There’s plenty to take in as you wander the Old Town. The tiered pagodas are the town’s centerpiece, reminiscent of the more famous Chongsheng Pagodas in Dali. A little harder to spot are the statues of Song Dynasty Chancellor Qin Hui and his wife, Lady Wang, who kneel in perpetual penitence for apparently traitorous acts perpetrated in life.

From the southeastern gate, walk southwest along the Baoxiang River to Guangfu Road, and then south to the Yunnan Provincial Museum. This impressive modern building houses artifacts from Yunnan’s past, including fascinating relics from the Dali and Nanzhao Kingdoms which existed long before this region was conquered by the Mongol Empire in the 13th Century.

Afternoon: Dianchi and Longmen

The sprawling Dianchi lake to the south of the city is not just associated with Kunming – it’s a core part of Kunming’s identity

From Guandu Ancient town, it’s best to take a taxi to Hongta Xi Lu Kou, or use WeChat to hail a ride. Climb a few steps up to the promenade on the lakeside, and you’ll get a view of the enormous face of Xishan, the West Mountain, to the southwest.

During the winter, the air will be filled with black-headed gulls migrating here from further north. It’s not just the gulls that migrate here; tourists from all over China visit to feed the birds that flock to the lake.

Head south on the promenade and you’ll reach Haigeng Park. Beyond this, the true scale of Dianchi really makes itself known. Yunnan’s largest lake, Dianchi, stretches 40km from Kunming in the north to Jinning in the south.

You’ll get an even better view when you take the cable-car from Haigeng across to Xishan itself. From the Longmen Gate – a complex of caves and grottoes high on the Xishan cliff face – you’ll have the chance to take in the full majesty of Dianchi.

Returning to the west shore of the lake before dark gives you the chance to witness the sun set over the western hills – a lovely way to finish up a day in Kunming.

Day 3: Heading Out of Town

Option 1: Fuxian Lake 

One of the most refreshing aspects of traveling in China is the affordability of drivers and taxis. Using WeChat or the DiDi app to book a driver south from Kunming to the Fuxianhu Park in Chengjiang shouldn’t cost you more than 150-200 yuan – between US$20 and US$30. Here, you’ll find yourself on the shore of Fuxian Lake.
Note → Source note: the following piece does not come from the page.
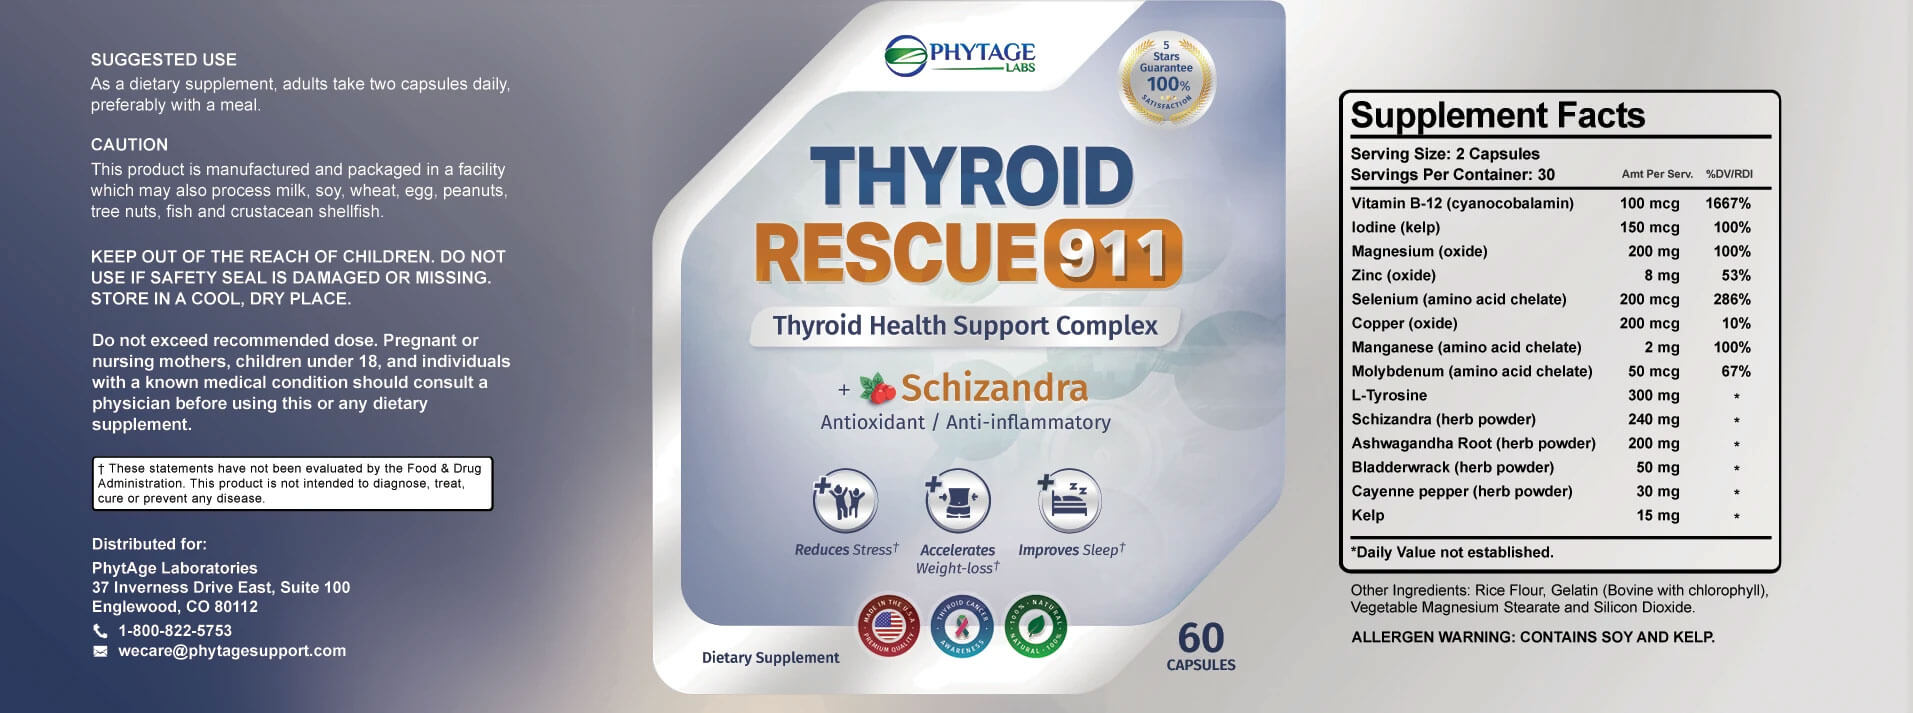 thyroid rescue 911 ingredients

A little smaller than Dianchi, Fuxian has become a well-loved resort for visitors to the area. Candidly, Dianchi is polluted, and swimming is prohibited – Fuxian is not, and it’s perfectly fine to take a dip here, or rent a pedalo or paddleboard.

Further south, at Haikou Town on the east shoreline, you’ll find more beaches and swimming options. There are also scuba diving centers here.

Don’t expect to be met with teeming tropical wildlife and crystalline waters when you take a dive at Haikou. This is not Thailand. However, diving here does allow you to get closer to the ancient city that existed in this location, thousands of years ago, which has since been swallowed by the water.

Option 2: Shilin

Internationally famous, the Shilin Stone Forest is one of Kunming’s top tourist attractions. It’s a little further away, and covers a wide area, so you may want to book a Stone Forest tour with one of the local operators.

Once here, you’ll access the breathtaking karst rock formations – limestone teeth that protrude from the earth like petrified tree trunks, and give the region its name.

Shilin is also part of the ancestral homeland of the Yi Zu, or Yi people. An autonomous county within the province of Yunnan, Shilin is known for its traditional Yi dress, language, and cultural practices.

Don’t pass up the opportunity to enjoy Kunming

Yunnan is a special place. The lure of destinations like Tiger Leaping Gorge, Jade Dragon Snow Mountain, or Yubeng Village, is hard to resist, and it’s natural to want to charge straight out west and experience some of the wilder parts of the province.

But do yourself a favor – set aside a little time to explore Kunming, the province’s capital. Even if it’s just three days, you won’t regret it.